No Bake Coconut Protein Balls
Ingredients
- 3 cups Medjool dates pitted
- 1 1/2 cups almonds
- 1/2 cup water
- 2 tbsp cacao powder
- 4 scoops whey protein powder 120 g
- 1/4 cup dark chocolate chips
- 1/2 cup unsweetened coconut flakes
Instructions
- Add the almonds to a food processor and pulse until they form a coarse almond meal texture. Small chunks are perfectly fine.
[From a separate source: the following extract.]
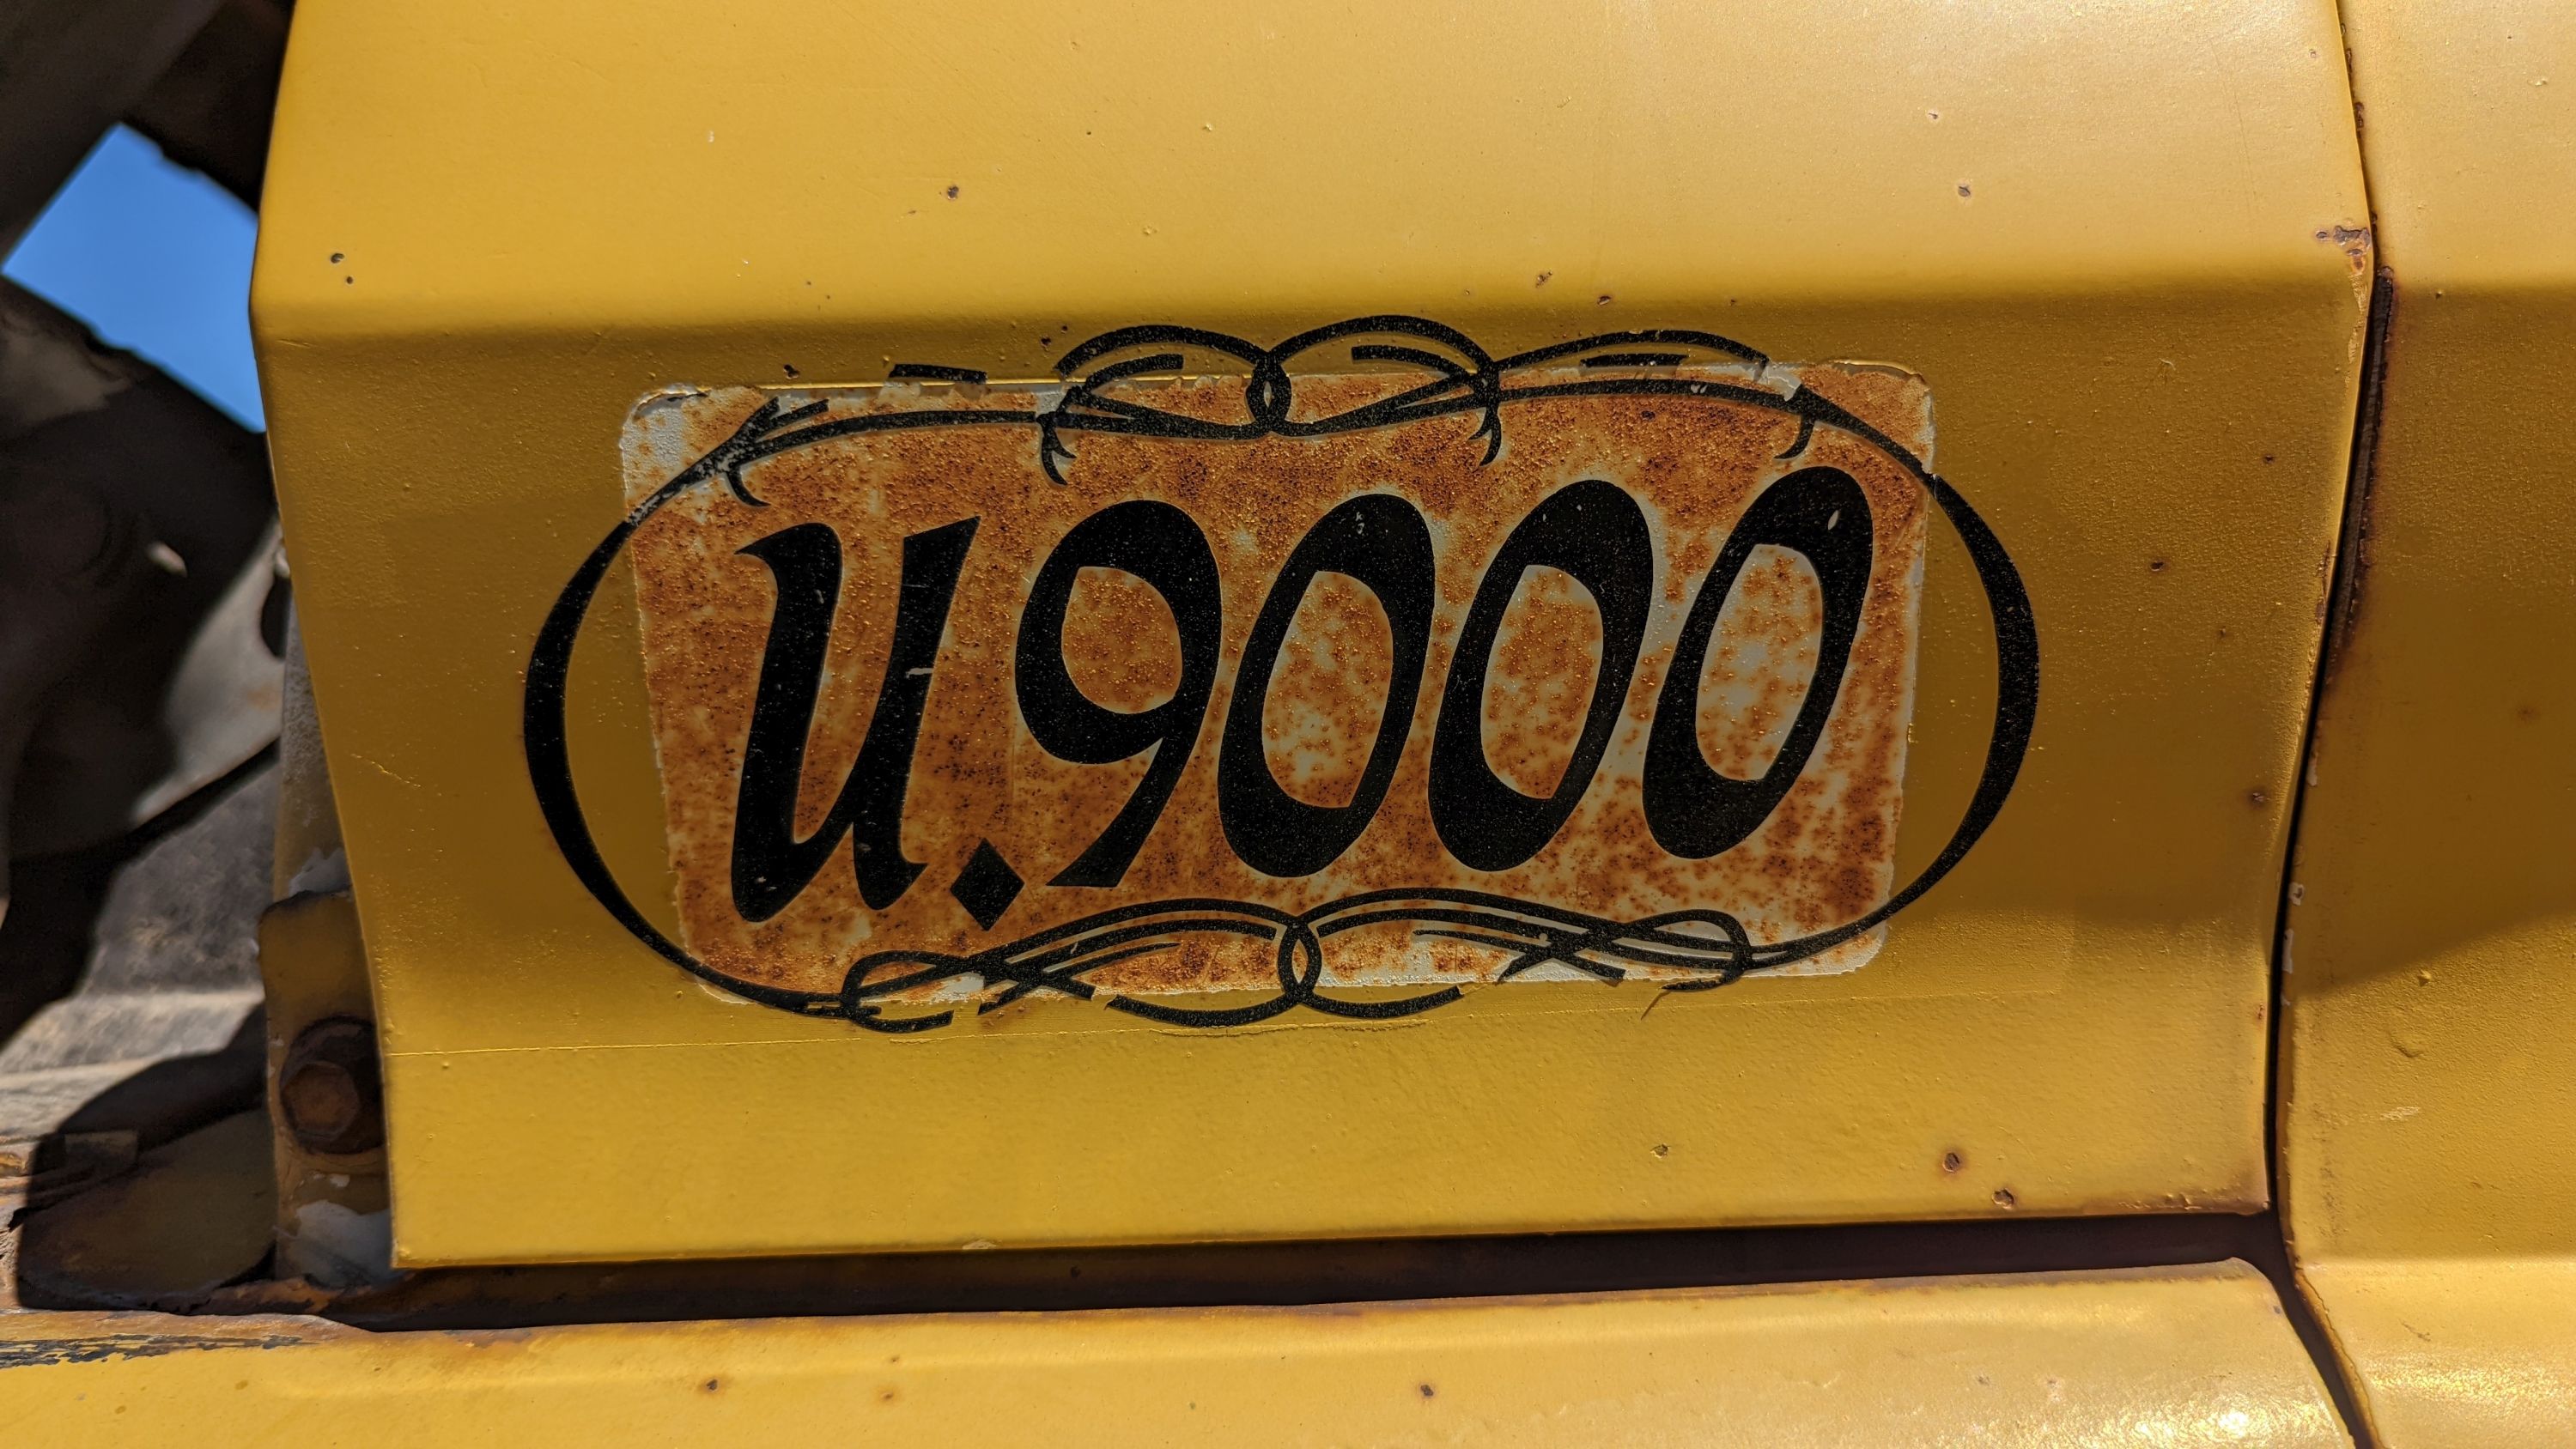 05 - 1964 Chevrolet C20 Pickup in Colorado junkyard - Photo by Murilee Martin

- Add the pitted dates and water. Process until the mixture becomes sticky and combined, scraping down the sides as needed.
- Add the cacao powder and whey protein powder. Continue processing until the dough is fully combined and thick.
- Add the dark chocolate chips and pulse a few times to distribute evenly throughout the mixture.
- Remove the blade carefully and gather the dough into one pile using a spatula.
- Spread the coconut flakes onto a large plate.
- Using a small cookie scoop or spoon, scoop portions of dough and drop them onto the coconut flakes.
- Roll each ball gently until fully coated with coconut flakes.
- Chill the No Bake Coconut Protein Balls for 20–30 minutes before serving for the best texture.
Notes
- Use dairy-free protein powder and vegan chocolate chips for a fully dairy-free version.
- These protein balls pair perfectly with coffee, smoothies, or lunchboxes.
- You can add chia seeds or flaxseed for extra nutrition.
Conclusion
These No Bake Coconut Protein Balls are the ultimate healthy snack for anyone looking for a quick, nutritious, and delicious treat. They’re easy to make, packed with protein, and perfect for meal prep. Once you try them, they’ll quickly become a regular part of your snack rotation.